### [PROBLEM REQUIREMENTS]
Please give back each line of the material unchanged, but without the images.

### [DATA SHOWN]
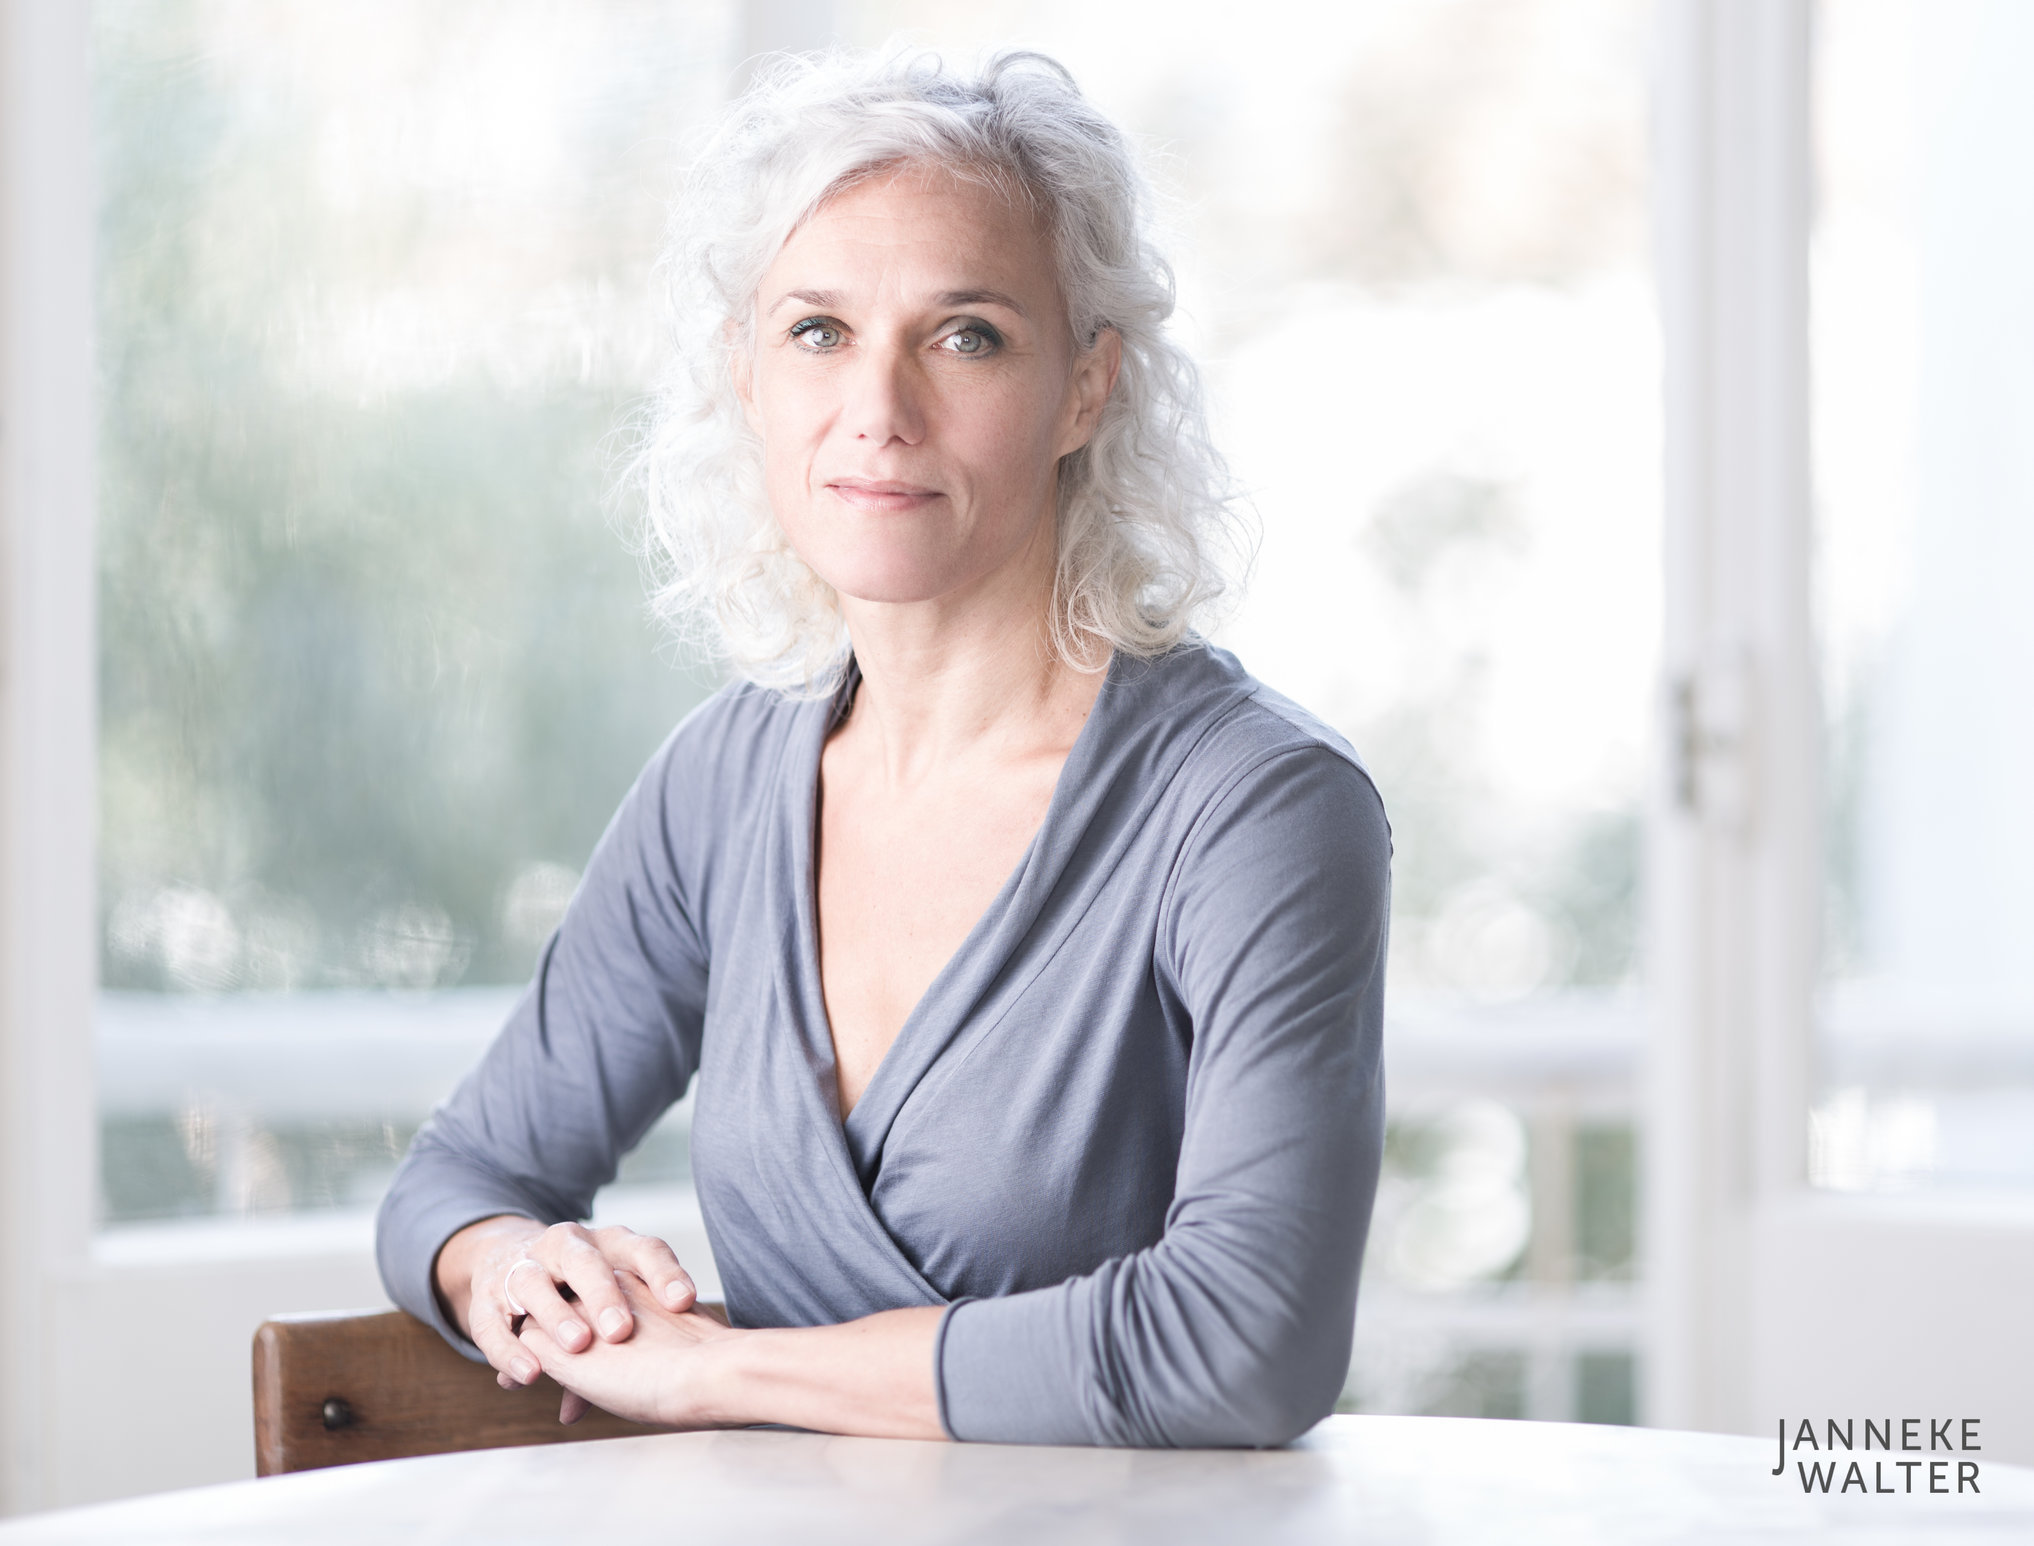 portretfoto vrouw aan tafel bij raam © Janneke Walter, fotograaf Utrecht De Bilt, portretfotograaf, portret, portretfotografie
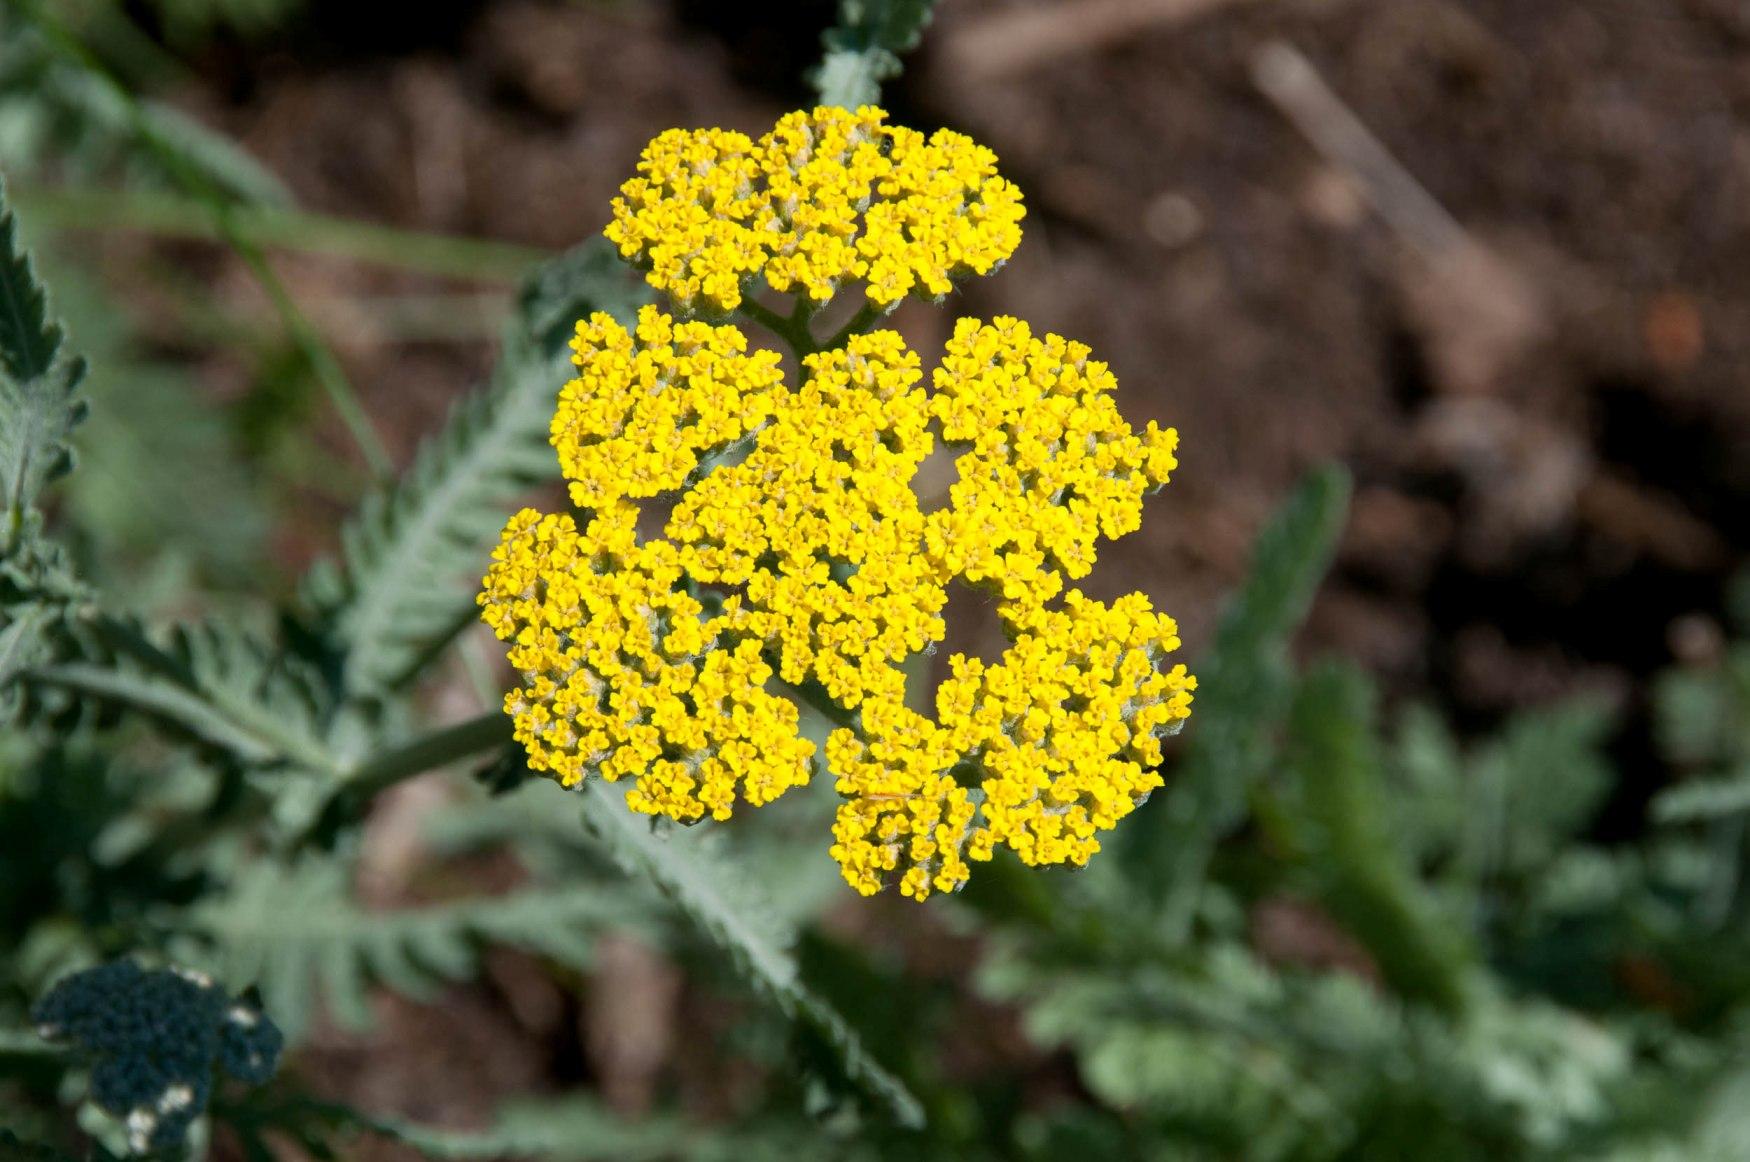 Adet Dönemi Sancısına Ne İyi Gelir: Adet Dönemi Ağrılarına Bitkisel Çözüm
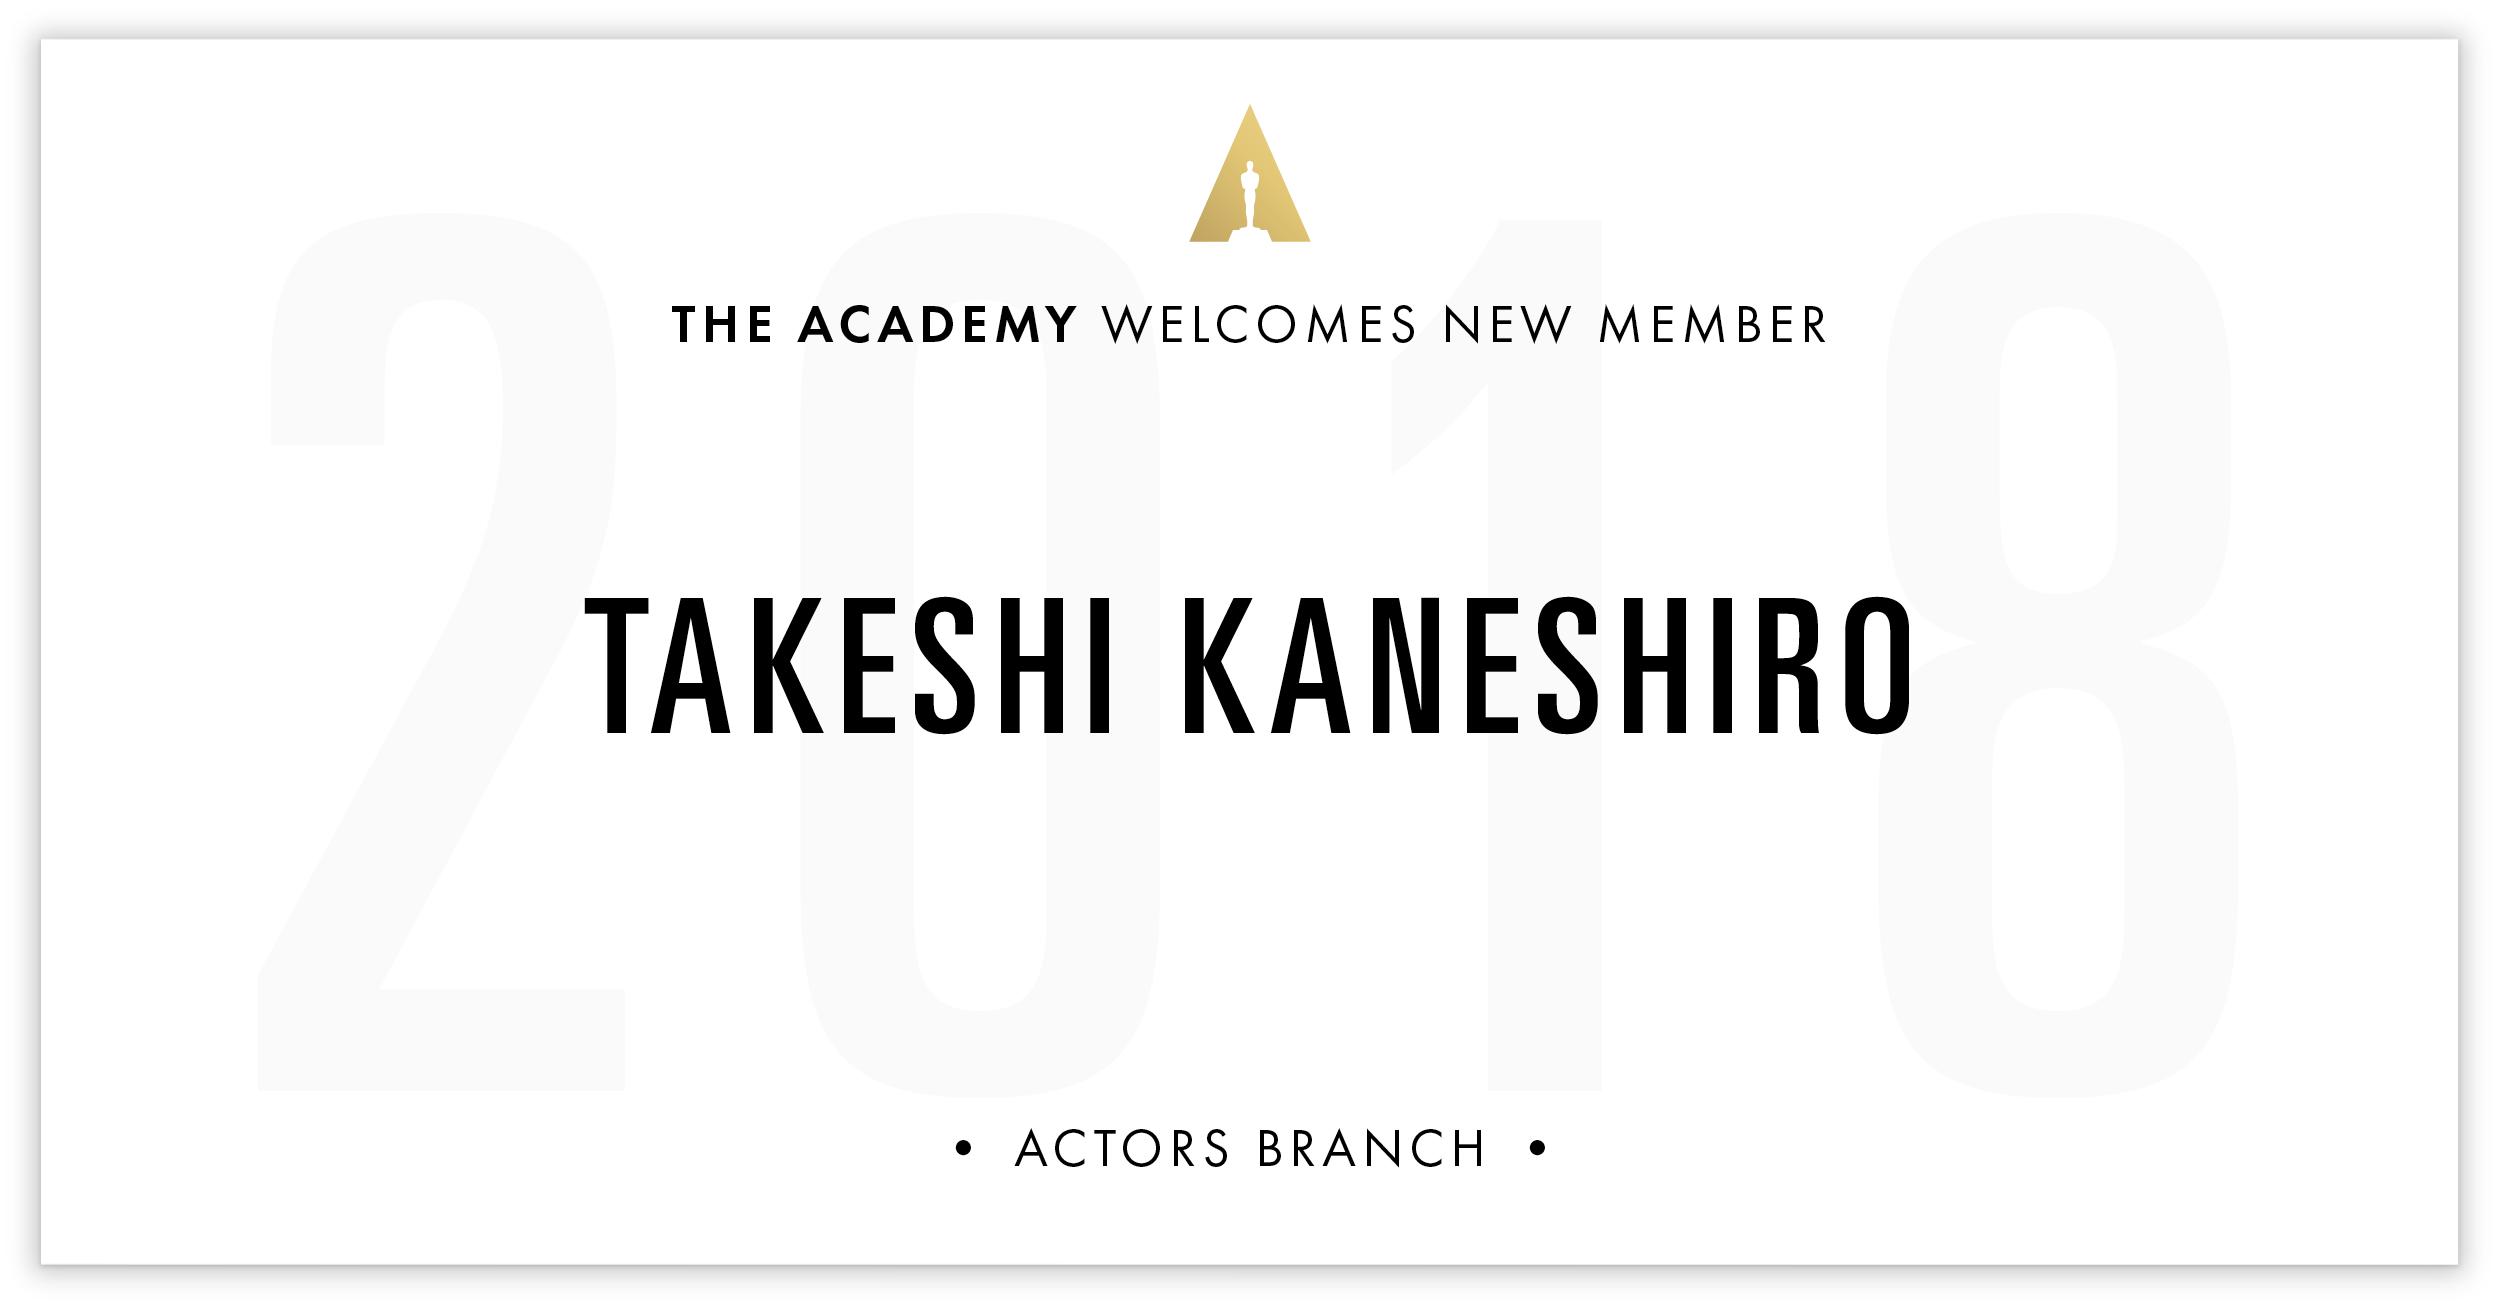 Takeshi Kaneshiro is invited!

### [PROBLEM SOLUTION]
 portretfoto vrouw aan tafel bij raam © Janneke Walter, fotograaf Utrecht De Bilt, portretfotograaf, portret, portretfotografie
 Adet Dönemi Sancısına Ne İyi Gelir: Adet Dönemi Ağrılarına Bitkisel Çözüm
 Takeshi Kaneshiro is invited!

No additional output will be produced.